Electronic-health Application To Measure Outcomes REmotely Clinical Trial

Overview

This is a phase II feasibility, safety, tolerability and preliminary efficacy study of an e-Health application versus in-person nutritional counseling to maintain or increase weight in patients with neurodegenerative diseases including amyotrophic lateral sclerosis (ALS), Parkinson's Disease (PD) and Huntington's disease (HD). Primary Objectives include the feasibility, safety, tolerability and efficacy of an e-Health application to maintain or increase body weight compared to in-person nutritional counseling. Secondary Objectives are to measure the number of calories required to maintain or increase body weight in neurodegenerative diseases at all stages of the disease. Tertiary Objectives are to test the effects of an e-Health application compared to in-person nutritional counseling on disease progression using the ALSFRS-R, UHDRS or UDysRS, on survival, and on quality of life using the PROMIS SF v1.1 scale.

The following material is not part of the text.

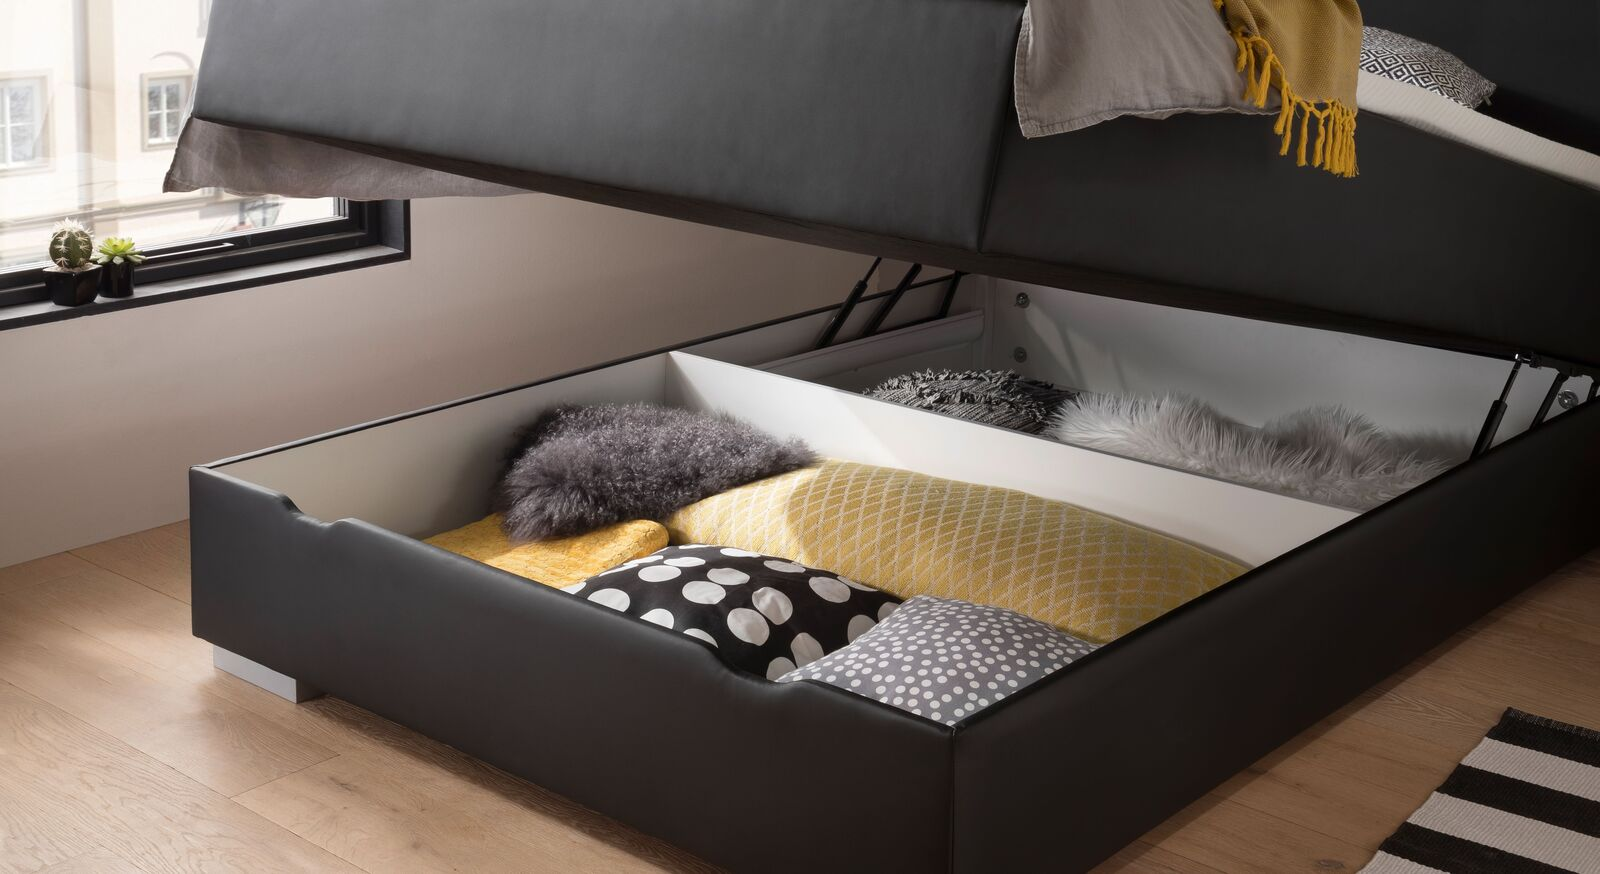 Bettkasten-Boxspringbett Merwin mit geräumigen Bettkasten

This is a single center, randomized, open-label, placebo controlled, parallel group study. The study treatment period is approximately 6 months and observation period is approximately 7 months. There are three parallel treatment groups: in-person nutritional counseling, nutritional counseling using an e-Health App, and standard care. Subjects will be randomly assigned in a 1:1:1 ratio using a computer-generated randomization scheme. Subjects in the two intervention arms will be given caloric recommendations designed to cause weight stability or modest weight gain, depending on their current BMI and weight loss history. All participants in the intervention arms will receive counseling either in-person or remotely through the App by registered dietitians (RD) working in the Bionutrition department of the Clinical Research Center at MGH. At MGH, approximately 150 ALS subjects (50 per treatment group) will be enrolled. Approximately 75-150 PD and HD subjects will enroll.